* [WORK ORDER]: Reproduce all the lines below exactly and omit the images.

===== EXERCISE DATA =====

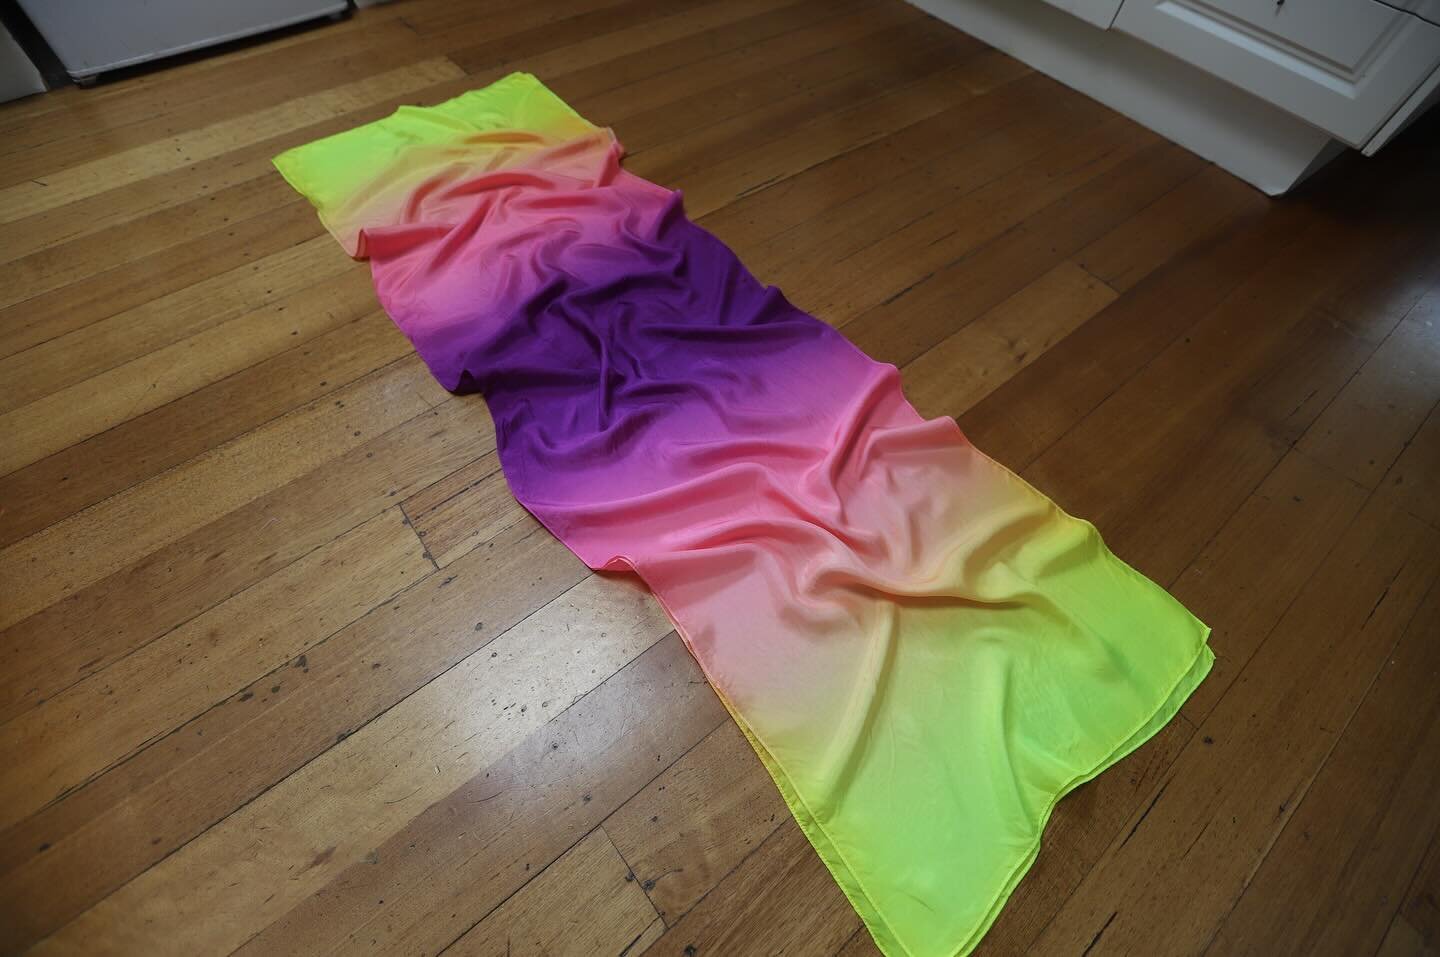 These 20 x 70 inch veils for poi are available and ready to ship! $140 AUD + GST per set. Some are UV reactive. For more details head over to my online shop ✨ 

🔗 you know where to find it 

#veilpoi #veilpoidancecommunity #veilpoidance #veilpoiflow
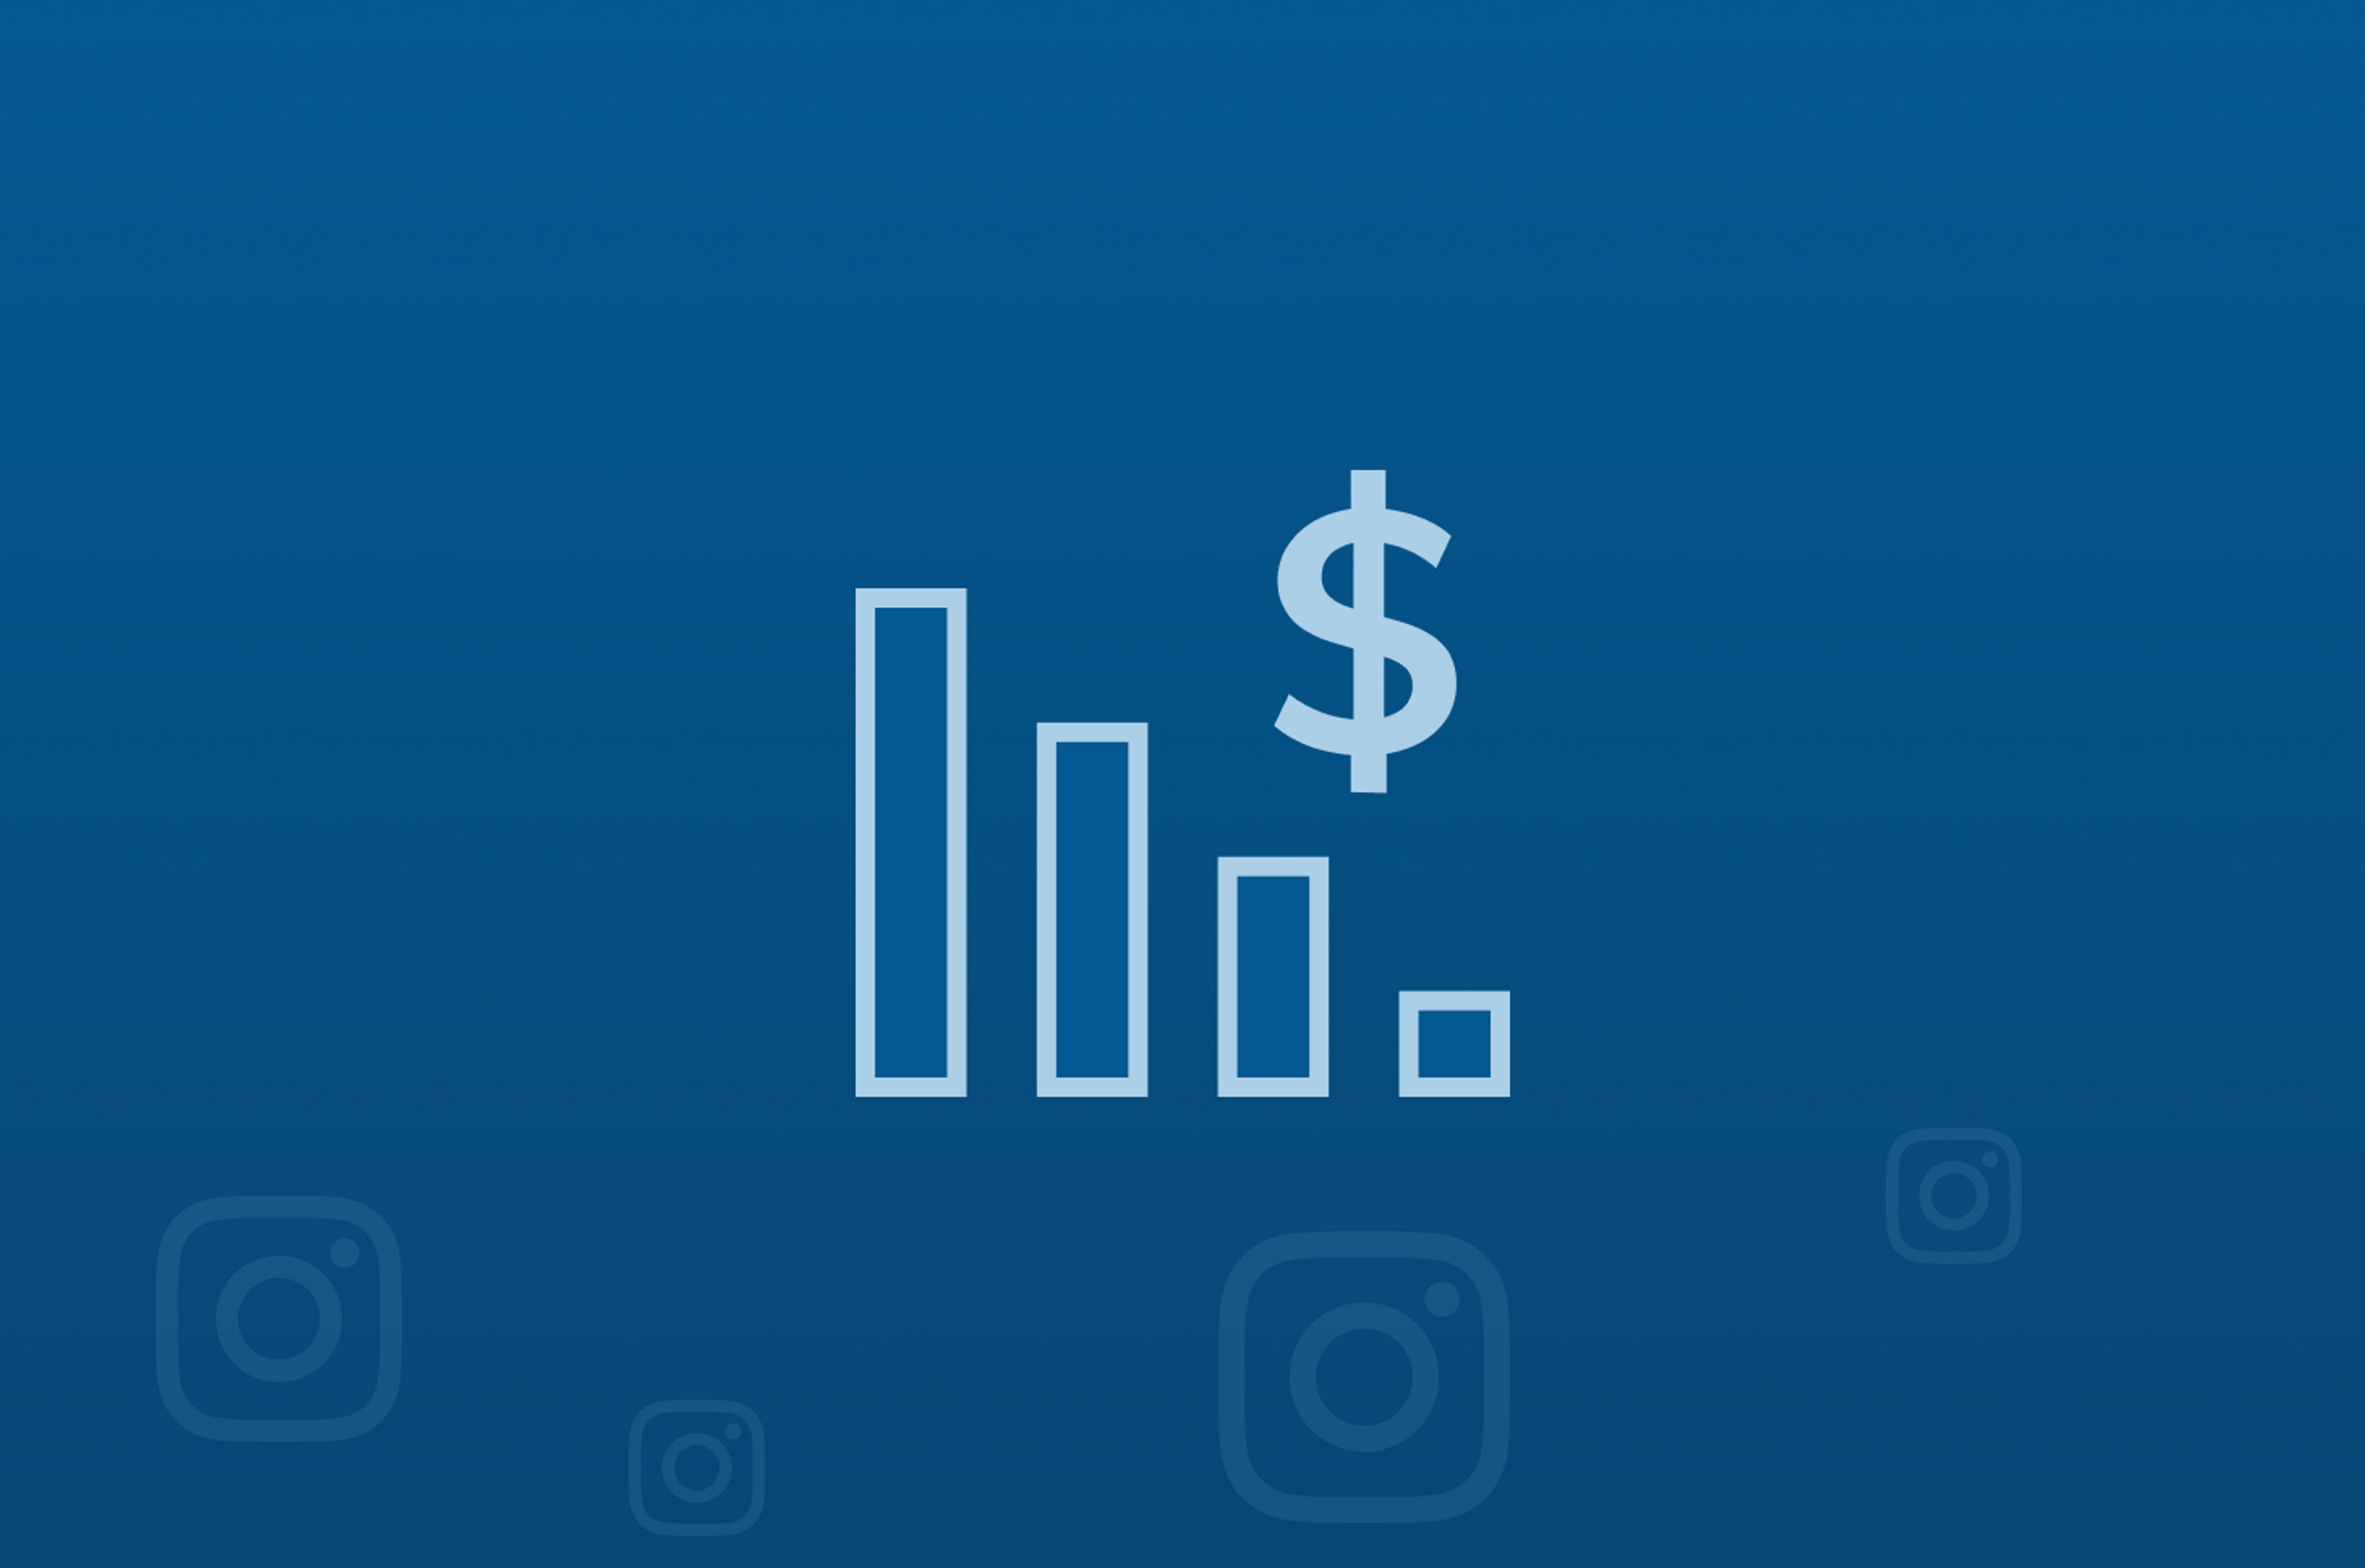 Facebook’s Instagram: Making the Switch to Cassandra from Redis, a 75% ‘Insta’ Savings

=====

* [SOLUTION]:
 These 20 x 70 inch veils for poi are available and ready to ship! $140 AUD + GST per set. Some are UV reactive. For more details head over to my online shop ✨ 

🔗 you know where to find it 

#veilpoi #veilpoidancecommunity #veilpoidance #veilpoiflow
 Facebook’s Instagram: Making the Switch to Cassandra from Redis, a 75% ‘Insta’ Savings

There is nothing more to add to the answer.